Research article
Issue: № 1 (13), 2020


Manakov A.K.1, Yakovlev V.V.2, Baulin E.F.*3

1, 2, 3 Moscow Institute of Physics and Technology (National Research University), Dolgoprudny, Russia;

2, 3 Institute of Mathematical Problems of Biology RAS – the Branch of Keldysh Institute of Applied Mathematics of Russian Academy of Sciences, Pushchino, Russia

* Correspodning author (baulin[at]

Received: 16.12.2020; Accepted: 10.01.2020; Published: 20.01.2020


Research article


The structure of noncoding RNAs largely determines their functions. With the rapid growth of experimental data on the RNA secondary structures, the task of predicting its spatial structure becomes the most urgent task of RNA bioinformatics. The ability to predict tertiary base pairs from data on the secondary structure could significantly reduce the operating time and improve the quality of the RNA spatial structure prediction algorithms. In this work, we applied the machine learning algorithm for the problem of RNA tertiary base pairs prediction from data on the RNA sequence and secondary structure. A group of local base pairs was identified that can be predicted with high quality (80% precision, 80% recall). It was also shown that more than 70% of all long-range noncanonical base pairs in RNA are the base pairs of geometric classes Sugar-Edge/Sugar-Edge and Sugar-Edge/Watson-Crick-Edge that correspond to ribose zipper and A-minor tertiary motifs.

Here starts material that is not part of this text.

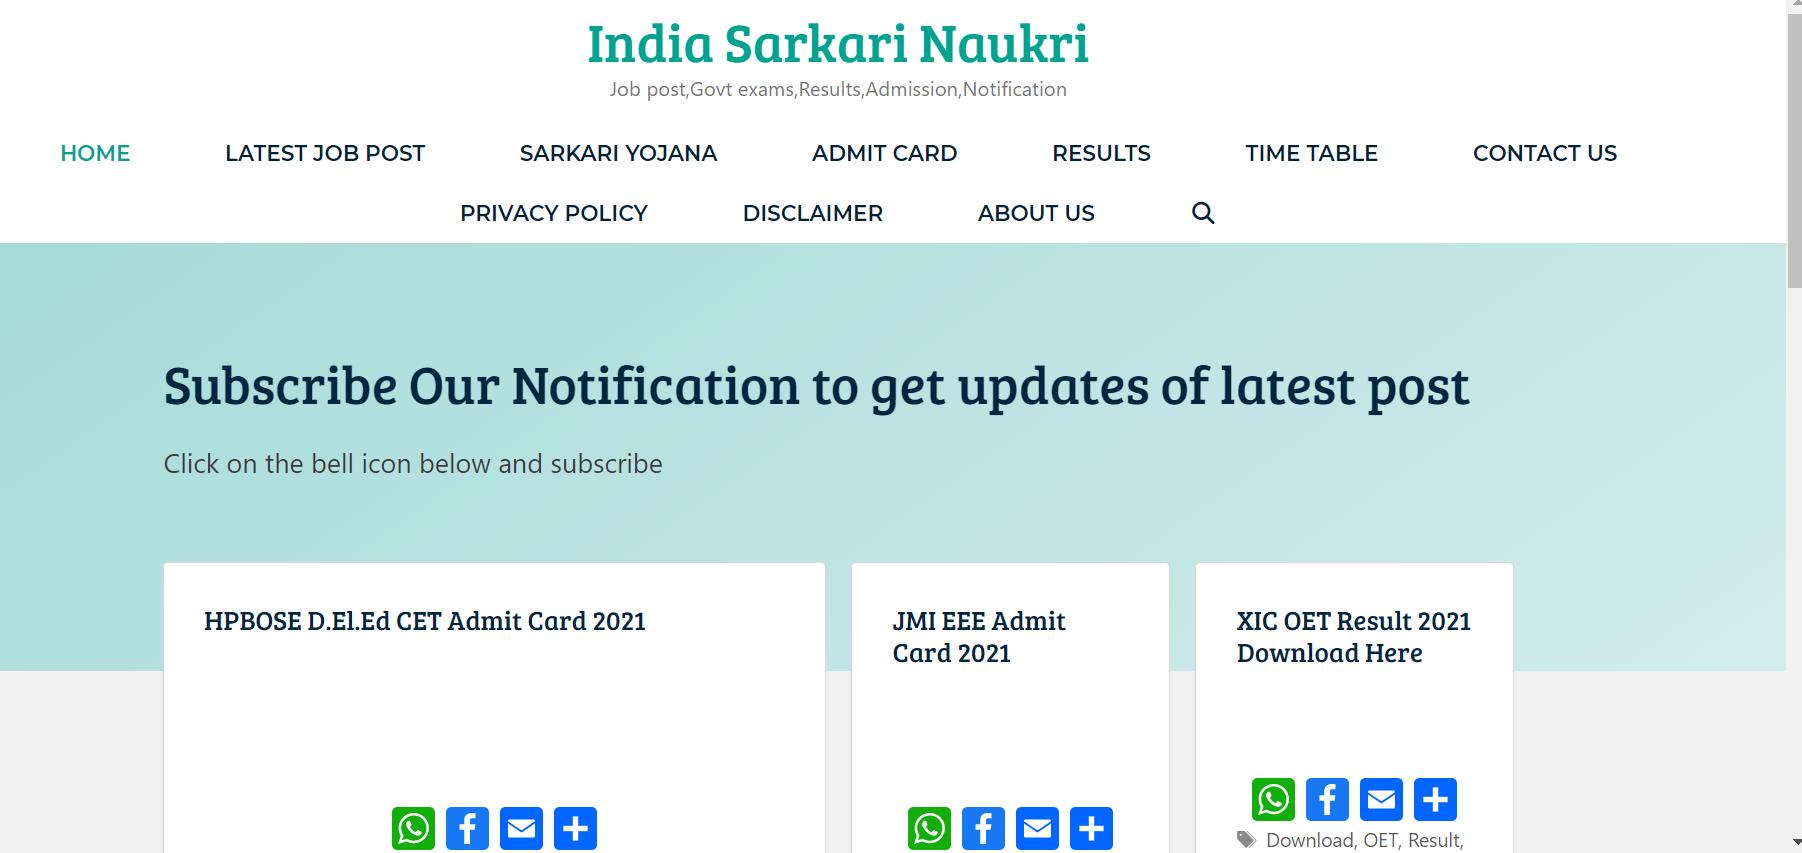 India Sarkari Naukri

Keywords: RNA structure, secondary structure, base pair, tertiary motif, ribose zipper, A-minor, machine learning.

Манаков А.К.*1, Яковлев В.В.2, Баулин Е.Ф.3

1, 2, 3 Московский физико-технический институт (национальный исследовательский университет), Долгопрудный, Россия

2, 3 Институт математических проблем биологии Российской академии наук - филиал Федерального государственного учреждения «Федеральный исследовательский центр Институт прикладной математики им. М.В. Келдыша Российской академии наук», Пущино, Россия

* Корреспондирующий автора (baulin[at]

Получена: 16.12.2020; Доработана: 10.01.2020; Опубликована: 20.01.2020


Научная статья


Структура некодирующих РНК в значительной степени определяет их функциональность. С ростом экспериментальных данных о вторичных структурах РНК наиболее актуальной задачей биоинформатики РНК становится задача предсказания её пространственной структуры. Возможность предсказывать третичные спаривания оснований по данным о вторичной структуре позволит существенно сократить время работы и повысить качество работы алгоритмов предсказания пространственной структуры РНК. В данной работе алгоритм машинного обучения был использован для решения задачи предсказания третичных спариваний по данным о последовательности и вторичной структуре РНК. Была выявлена группа локальных спариваний, которые могут быть предсказаны с высокой точностью (80% precision, 80% recall). Кроме того, было показано, что среди удалённых неканонических спариваний более 70% составляют спаривания геометрических классов Sugar-Edge/Sugar-Edge и Sugar-Edge/Watson-Crick-Edge, которые соответствуют таким третичным мотивам как рибозные молнии и А-миноры.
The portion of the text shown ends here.